Why and How Webassembly?

Why and How Webassembly?

You might have heard about webassembly by now specially if you are a web developer or javascript developer. If not here is a brief introduction to it.

Introduction

WebAssembly (abbreviated Wasm) is a binary instruction format for a stack-based virtual machine. Wasm is designed as a portable target for compilation of high-level languages like C/C++/Rust, enabling deployment on the web for client and server applications.

Above definition of webassembly was hard to understand for me when I first read it. For simpler definition I take keywords and make my own version of definiton which is easier to understand.
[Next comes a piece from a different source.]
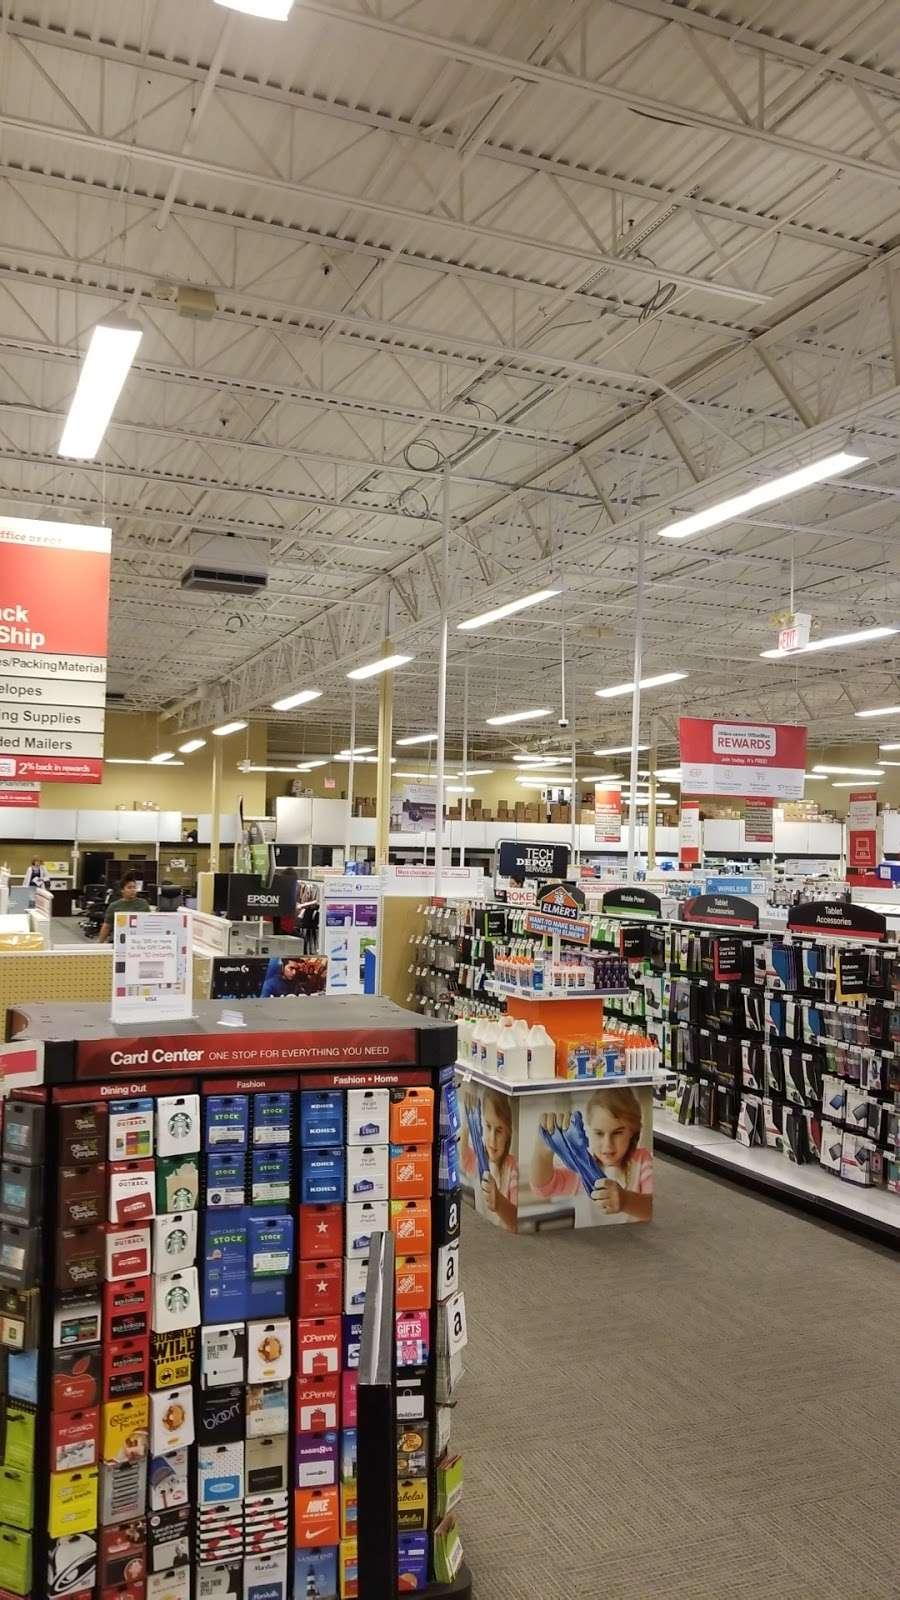 Office Depot - furniture store  | Photo 1 of 10 | Address: 4615 Garth Rd, Baytown, TX 77521, USA | Phone: (281) 837-8101

Webassembly is alternative of Javascript to run your code/login inside javascript virtual machines (V8, Spidermonkey, JavascriptCore) which are fast, efficient and safe.

Let us go line by line why I choose this definition,

  1. Alternative to javascript - Javascript is programming for web specially browsers where its the only option available but sometimes javascript fails to do some high computation tasks due to limit in programming language design. Javascript engines today are fast but still there are places for improvements like running a full fledged game, graphics designing tools like Photoshop or illustrator or machine learning tasks.

  2. Target as Javascript VM - There can be other targets but why JS VMs. Today JS VMs are doing a lot of tasks beside just displaying simple interfaces. Node runs V8 engine at its core but there are a lot of steps from parsing you code, creating AST (Abstract Syntax Tree) to optimising you code depending on its implementation in different engines. What if we can remove some steps and produce optimised code or byte directly from different optimised languages like C/C++/Rust or others directly to these engines. This is what Webassembly does. Also it provides power to those users who don't work on web technologies to show there skills and work on web.

  3. Fast and Efficient - As in above point explained that webassembly creates a binary format or bytecode for Javascript VMs which is optimised. Webassembly runs on simple stack based virtual machine inside Javascript engines or Javascript VMs which in turn provides native speed by taking advantage of common hardware features.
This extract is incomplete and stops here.